The reset control circuit sends a reset instruction to the processor core and the first module when the cold reset signal is acquired.
A data processing method, the method is applied to a data processing system, the data processing system includes a processor core and a first module, the first module includes a first register, the first register is used to store fault replacement Information, the failure replacement information includes location information of a first storage unit, and the first storage unit is a storage unit that has a failure when the storage unit in the memory is replaced with a failure;

Acquiring, by the processor core, the fault replacement information from the first register;

The processor core writes the failure replacement information into a non-volatile storage medium.
22. The method according to claim 21, wherein the fault replacement information further includes location information of a second storage unit, and the second storage unit is used when the storage unit in the memory is faulty replaced.
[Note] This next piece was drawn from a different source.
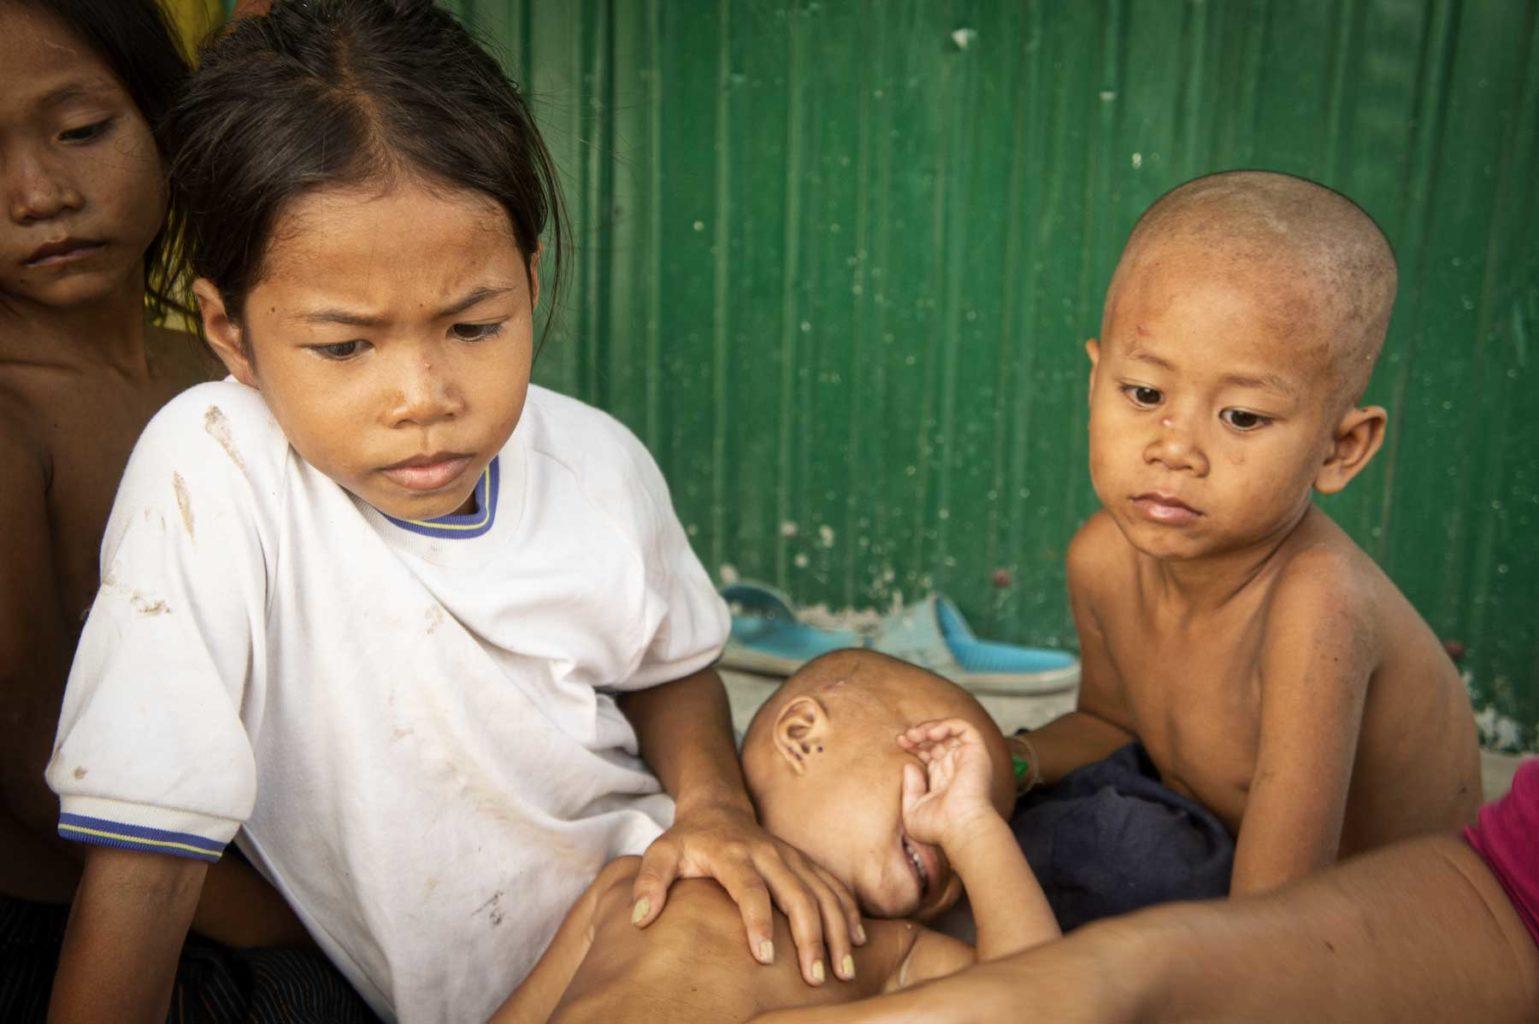 Petit garçon dans une grande souffrance localisé par nos volontaires au Cambodge. Dans les cas les plus difficiles, nous accueillons les enfants dans notre centre de protection de l'enfance de Battambang

Backup storage unit.
The method according to claim 21, wherein the granularity of the first storage unit is any one of the following: memory storage cells, memory rows, memory blocks, memory particles, memory planes, and memory bars.
The method according to any one of claims 21 to 23, wherein the system comprises a memory controller, and the first module is integrated in the memory controller.
The method according to any one of claims 21 to 23, wherein the method further comprises:

In the case that the reset operation is a hot reset operation, the processor core obtains a failure replacement information collection from the non-volatile storage medium, and during the reset process of the first module, the failure replacement information is collected Backfilling to the first register, wherein the failure replacement information includes at least one of the failure replacement information.
The method according to claim 22, wherein the first module further comprises at least one second storage unit, and the second storage unit in the first module is used to store the at least one first storage unit as a memory In the case of a cell, store the first data in the first storage unit that is the memory storage cell;

The method also includes:

The processor core obtains the first data from the second storage unit in the first module, and writes the first data into the non-volatile storage medium, so that the When the processor core and the first module perform a reset operation, the first data is not lost;

In the case that the reset operation is a warm reset operation, the processor core obtains the failure replacement information set and the first data from the non-volatile storage medium, and during the reset process of the first module, The failure replacement information set is backfilled to the first register, and the first data is backfilled to the second storage unit in the first module, wherein the failure replacement information set includes at least one of the failure replacements information.
The method according to claim 22, wherein the method further comprises:

The processor core performs a reset operation on the first module to initialize the first module;

In the case that the reset operation is a hot reset operation, the processor core obtains the failure replacement information set from the non-volatile storage medium, and according to the failure replacement information set, performs a check on the storage unit of the memory The data in the second storage unit performs a reverse replacement operation, wherein the failure replacement information set includes at least one piece of the failure replacement information, and the reverse replacement operation is used to rewrite the data in the second storage unit into the first In the storage unit, the distribution of the data in the memory in the storage unit is restored to the initial state.
The method according to claim 25, wherein the method further comprises:

In the case that the reset operation is a cold reset operation, the processor core does not obtain the failure replacement information set from the non-volatile storage medium.
A computer device, wherein the computer device is equipped with the reset system according to any one of claims 1 to 6, or the computer device is equipped with any one of claims 7 to 14 The data processing system described in one item.